Wpis z mikrobloga

Kilka dni temu po nieprzyjemnych przeżyciach w poprzednim mieszkaniu w #lodz przeprowadziłam się.

Dziś po raz pierwszy usłyszałam "obce" pukanie do drzwi. Za drzwiami widzę parę ok. 25-30 lt.

-Pozamiatane. Czy ja coś odwaliłam? Nie przypominam sobie - myślę. Otwiram drzwi i słyszę:

-Witamy nową sąsiadkę! Przepraszamy, że tak późno, ale nie mogliśmy pani złapać. Przynieśliśmy Pani ciasto i wazonik, żeby się dobrze mieszkało.

Serce mi się rozpuściło. Pierwszy raz ktoś mnie tak miło powitał()

#przeprowadzka #mieszkanie #sasiedzi
  • 38
  • Odpowiedz
  • Otrzymuj powiadomienia
    o nowych komentarzach

  • 1
@Jofridd: Coś takiego w Polsce, a do tego w Łodzi? Na pewno nic nie zwinęli? Albo ogarniali teren na przyszłość.

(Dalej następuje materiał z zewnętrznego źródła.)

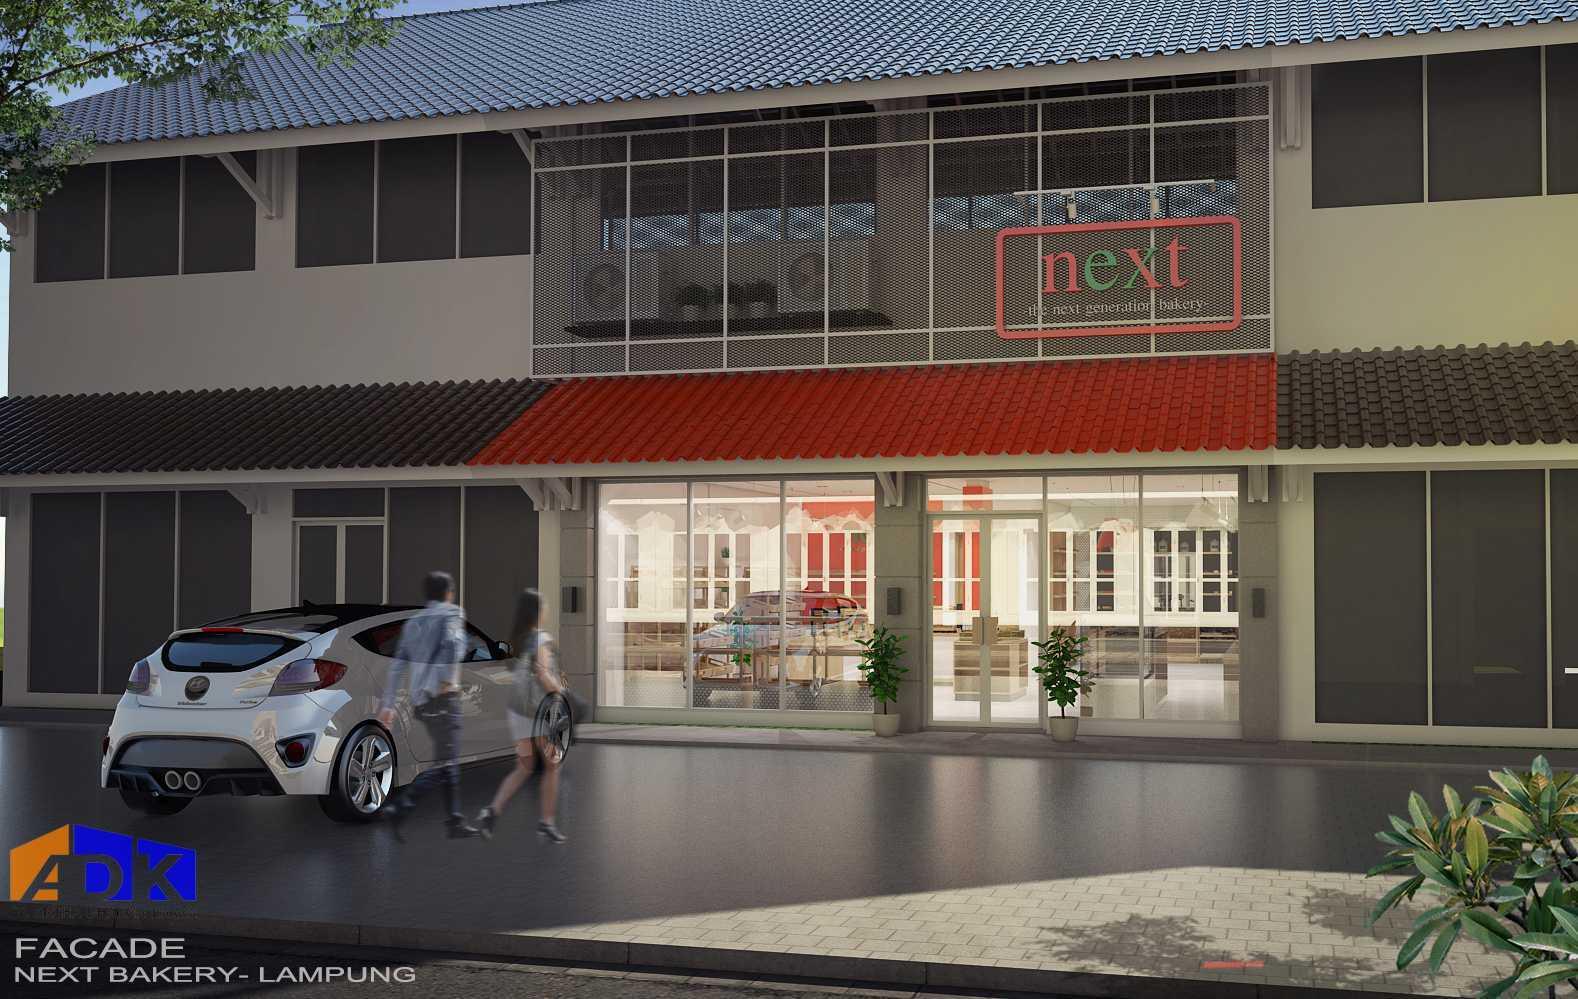 Artha Dharma Karya Design Next Bakery Bandar Lampung, Kota Bandar Lampung, Lampung, Indonesia Bandar Lampung, Kota Bandar Lampung, Lampung, Indonesia Artha-Dharma-Karya-Design-Next-Bakery  77055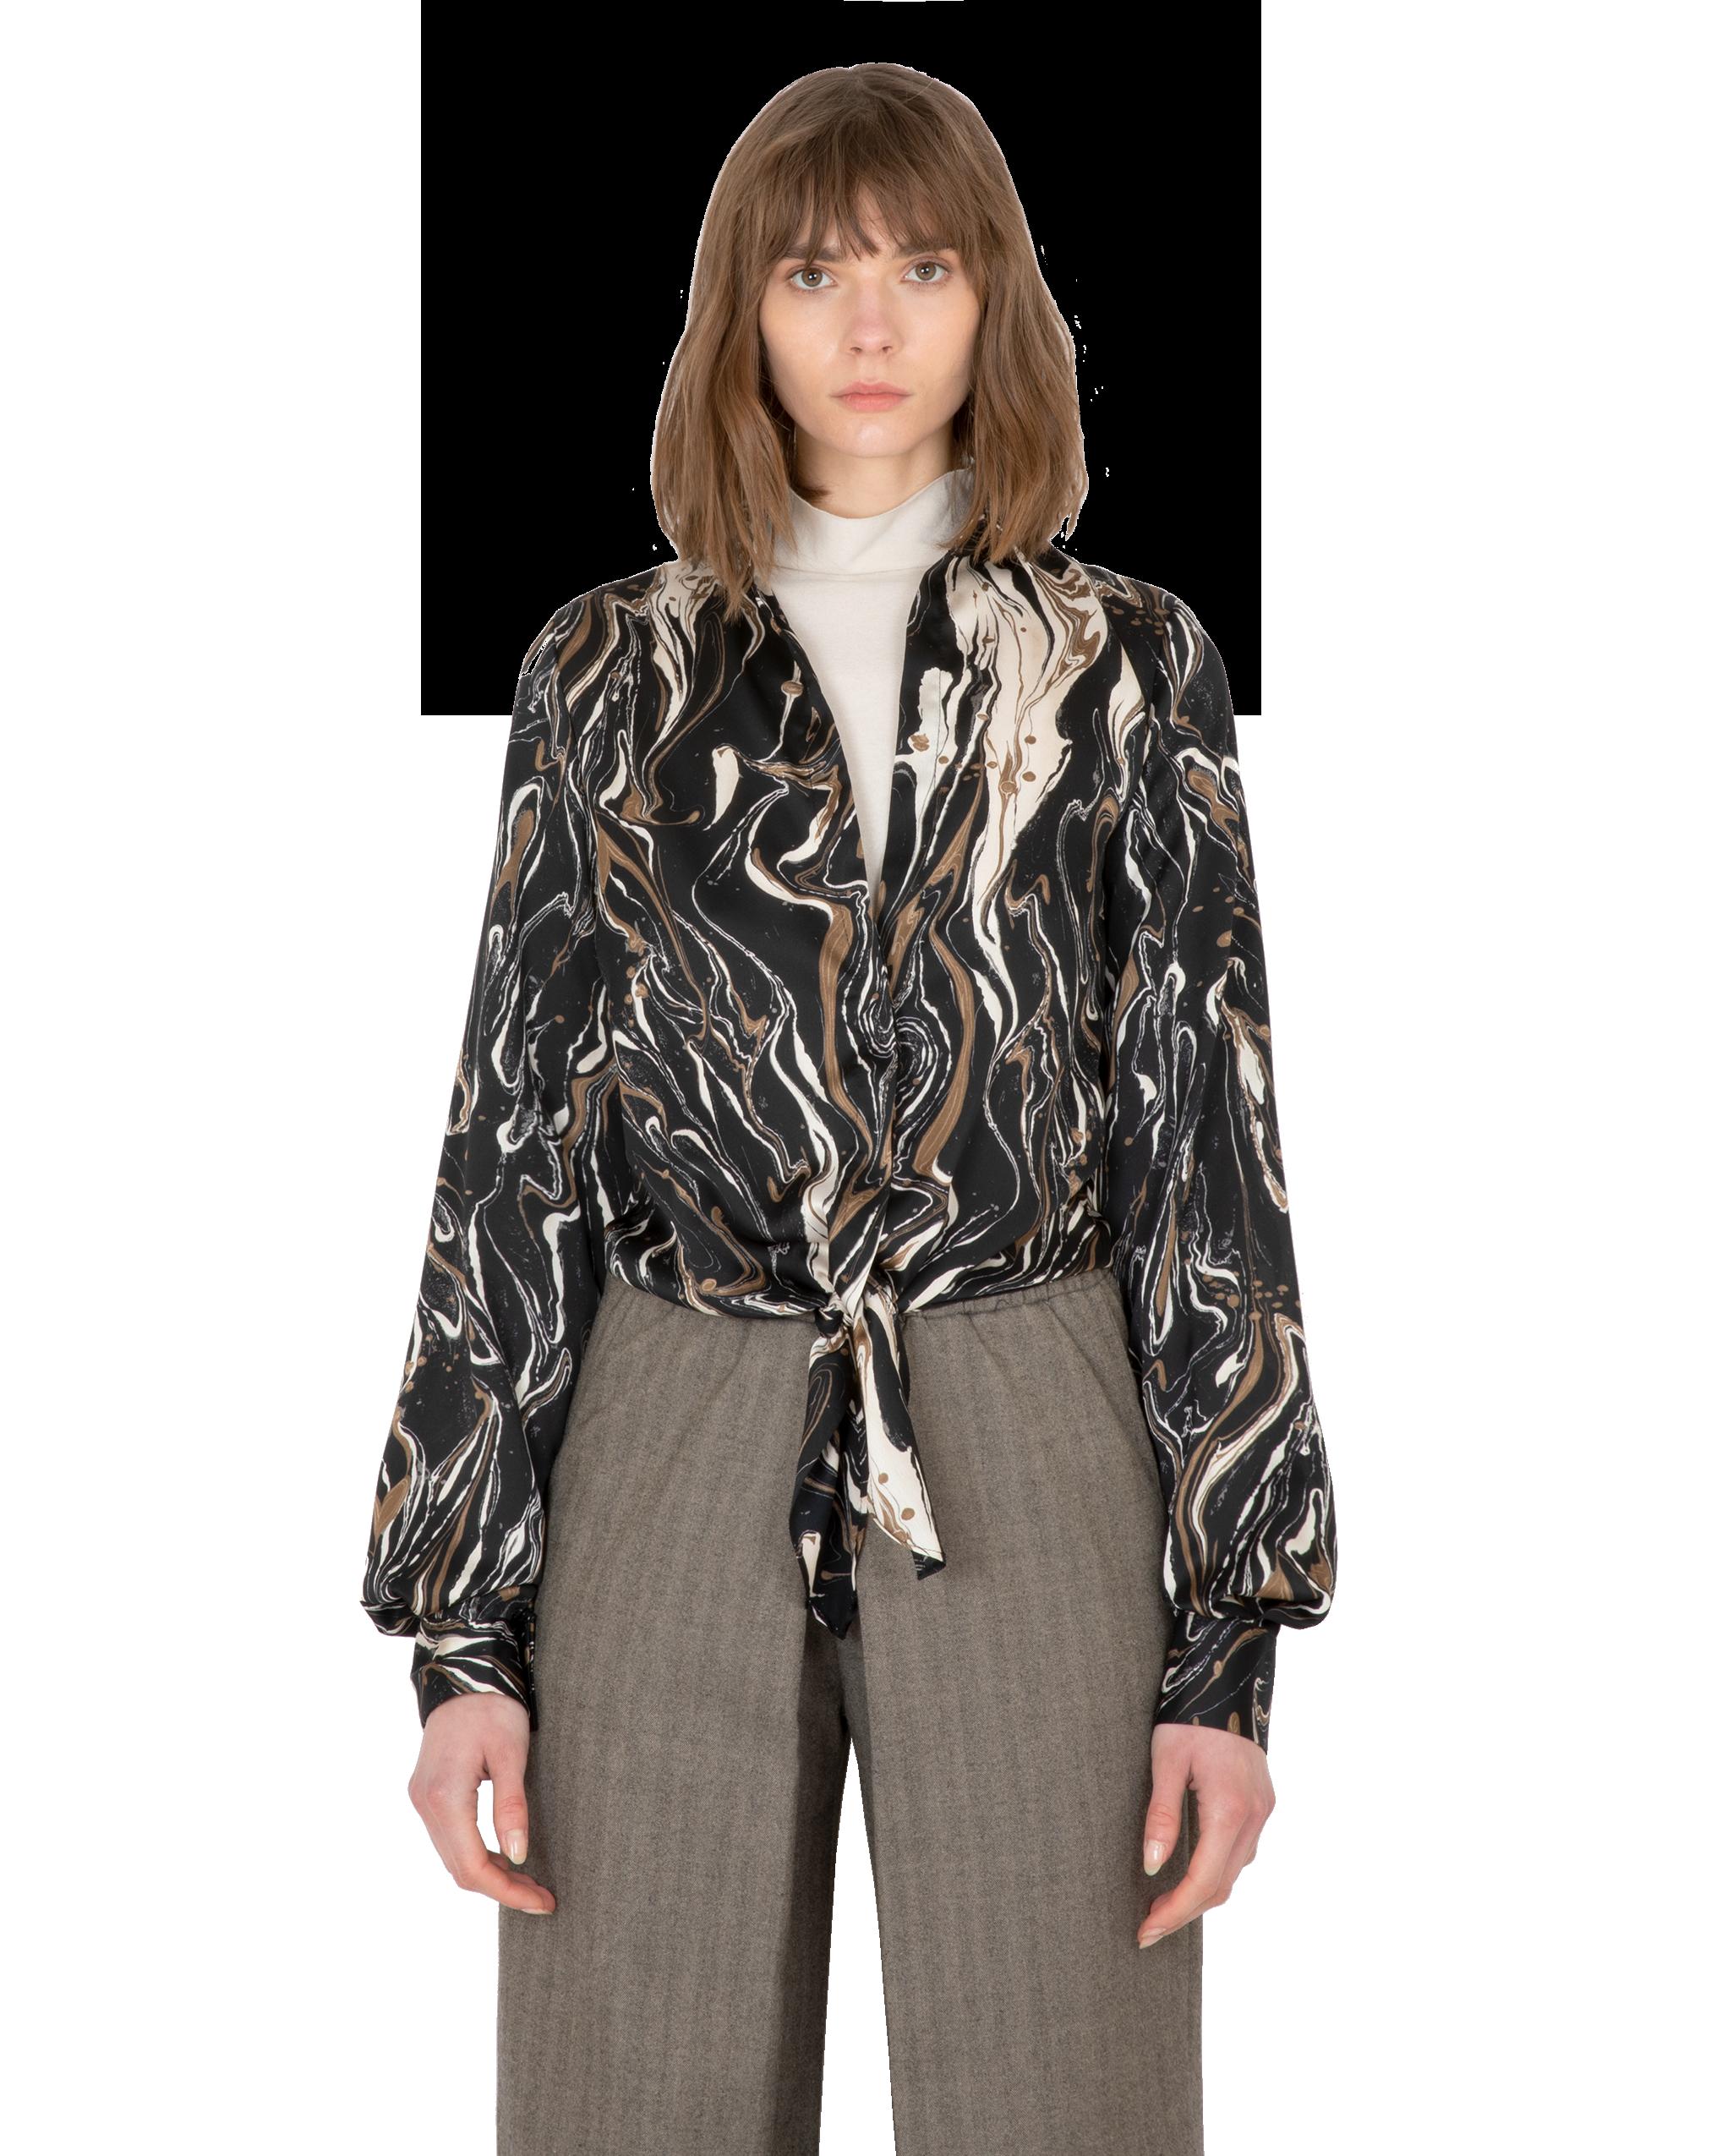 Model wearing EMIN + PAUL black print tie-front blouse.

A tak poważnie - naprawdę miło.
  • Odpowiedz
@Jofridd: A nie przypadkiem na Wschodniej? Z filmiku z Wuwuniem tak każdy wywnioskował bo jak szli do domu tych "gwiazd" to ludzie rozpoznali, że to jest Wschodnia (a potem ustalili, że to wschodnia 55 :P)
  • Odpowiedz
@Sajsu: Nie:P Ale po moich starych wpisach mój znajomy z wykopu wywnioskował gdzie mieszkam i jak mieliśmy się spotkać to podjechał w okolicę. I tak czekał 200 m od mojego mieszkania:)

@Kramarz: Blokowisko na Polesiu czy innej Retkinii.
  • Odpowiedz
@Jofridd: Czemu? W Łodzi nie spotkałem się jeszcze z chamstwem przypadkowo zapytanych o coś osób w takiej Warszawie np. czy Zgierzu już tak :P Sąsiedzi też są spoko u mnie.